Now for something a bit more tricky: Which counties have the largest temperature swings during the day?

In [None]:
sqlContext.sql("""
    SELECT fc.fips, dc.county_name, fc.max_temp - fc.min_temp as temp_change
        FROM fact_county fc
        LEFT JOIN dim_county dc
        ON fc.fips == dc.fips
        GROUP BY fc.fips, dc.county_name
        ORDER BY covid_case_total DESC
        LIMIT 10
""").show()

I'd like to know how strongly Covid case rates correlate to population density. My guess is that high population density results in higher infection rates. To check this, we'll need to get the total case count for each county and normalise it for the total population, then compare the various percentiles of population density in the data set. We could split the whole dataset into 10% buckets of population density and calculate the average normalised case rate.

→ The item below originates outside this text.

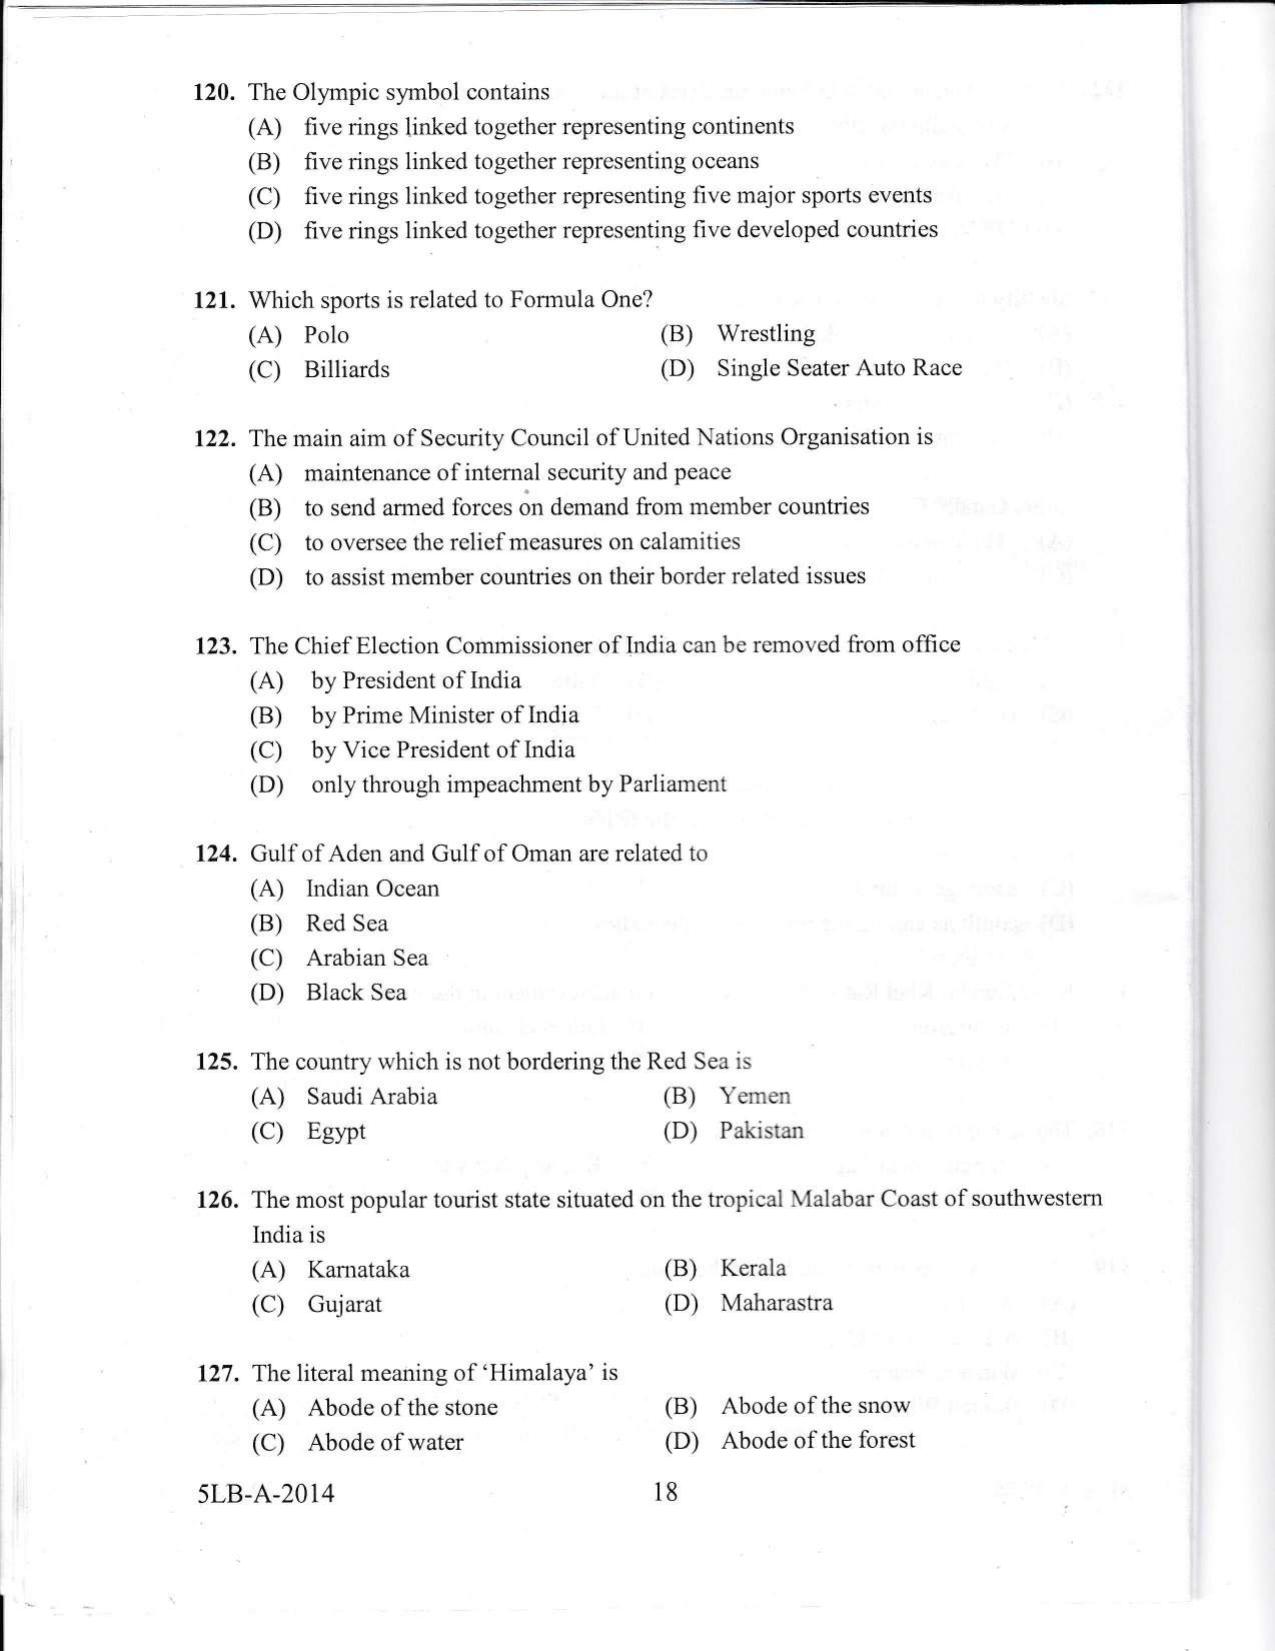 KLEE 5 Year LLB Exam 2014 Question Paper - Page 18

I'm also curious about how strongly a county's average temperature correlates with case rates. I'd assume that warmer counties fare worse.

A harder question to answer is how much weather on any given day affects covid case rates a few days down the line.  
Since the reporting won't be extremely accurate, we should limit ourselves to evaluating strings of consistently good/bad weather for a few days, and then look at the new case increase a week afterwards.

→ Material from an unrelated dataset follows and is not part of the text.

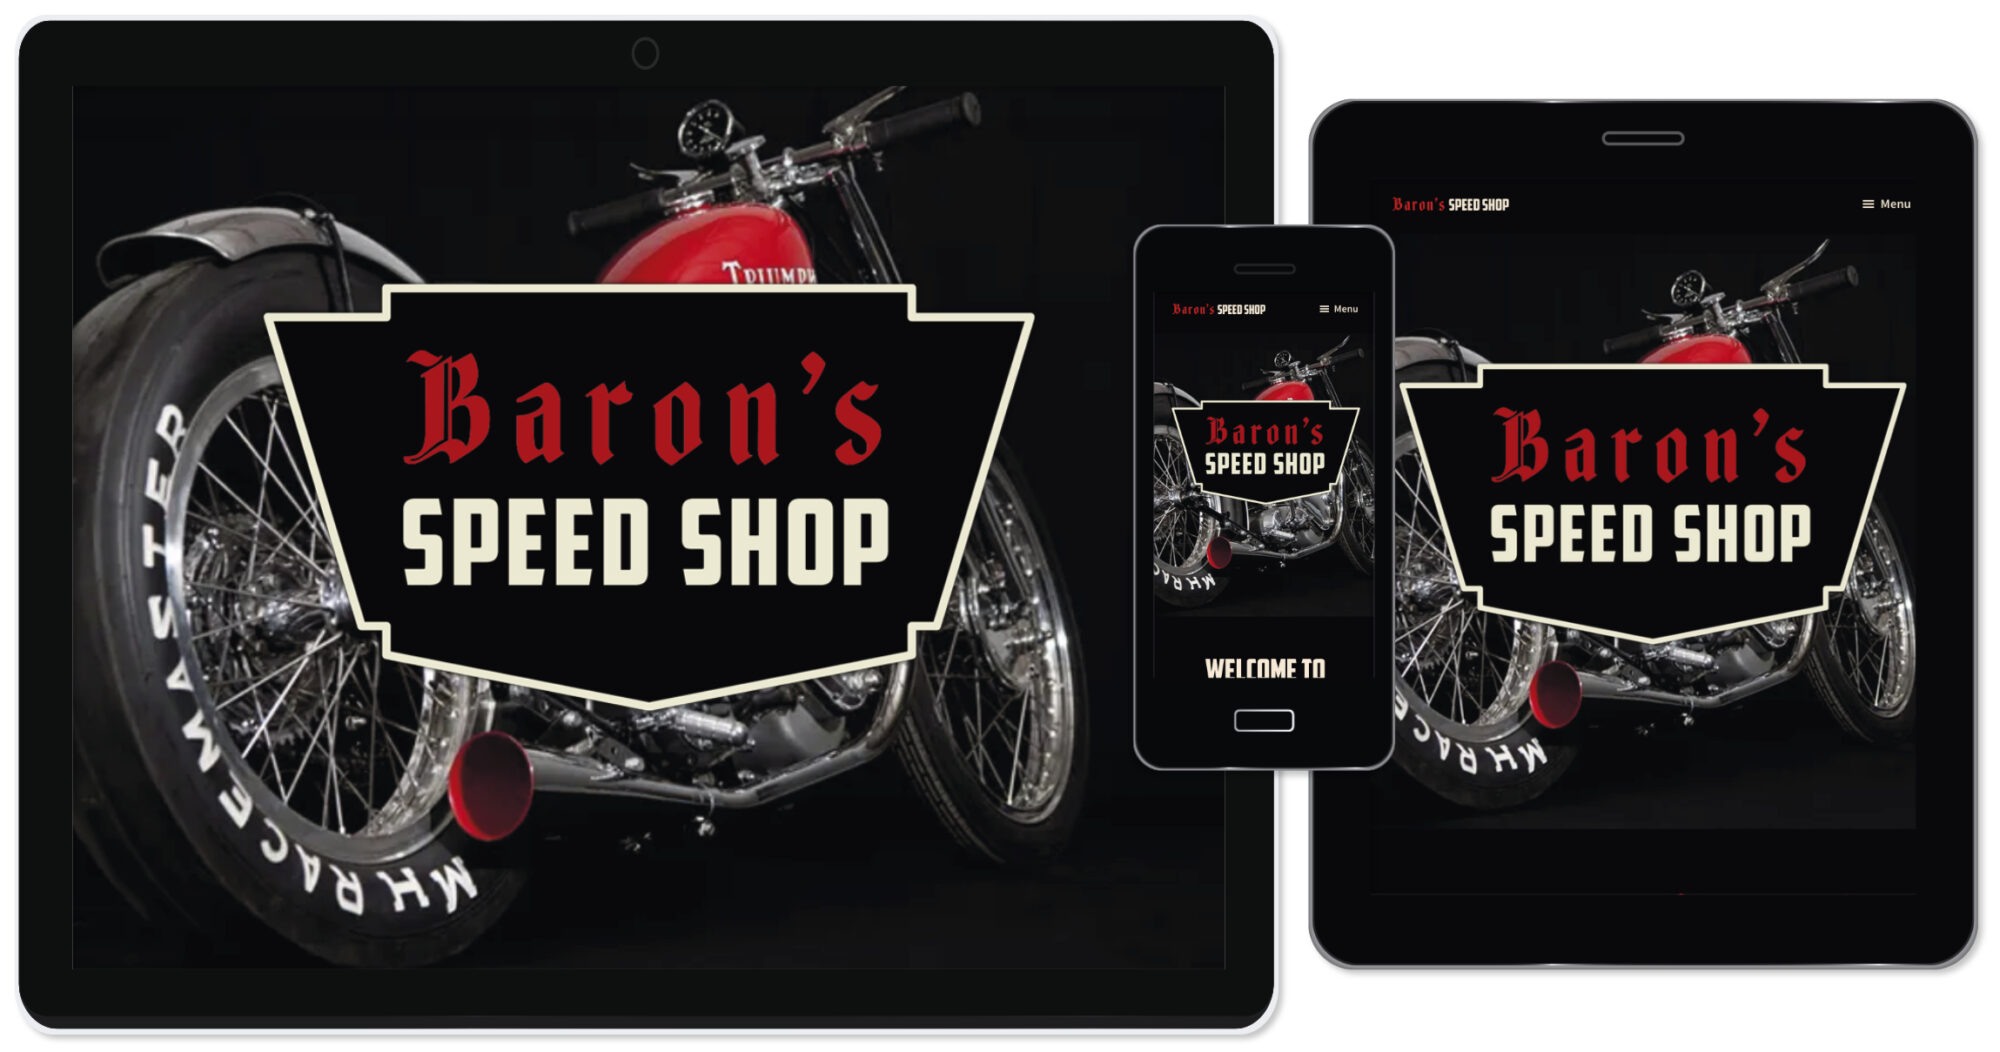 Baron's Speed Shop custom and classic motorcycles

First, we need to classify what makes a day "good" or "bad". I'd define a "good" day as having low chance of precipitation and low cloud cover, whereas a "bad" day is high on both. We could include temperature here as well, but we'd need to look at a rolling average to see how any given day compares; this presents a problem since rolling averages don't play well with the idea of having a period of good/bad days (they're subsequent days, so the last day in the sequence would need e.g. a higher temperature than the preceding days even though they were classed as "good" already).

Next, we need to indentify sufficiently long sequences of days with similar weather.  
Then we can determine the cases a week from each day, and track the delta.

Finally, we can average the delta for good/bad weather days and see if we can find any difference.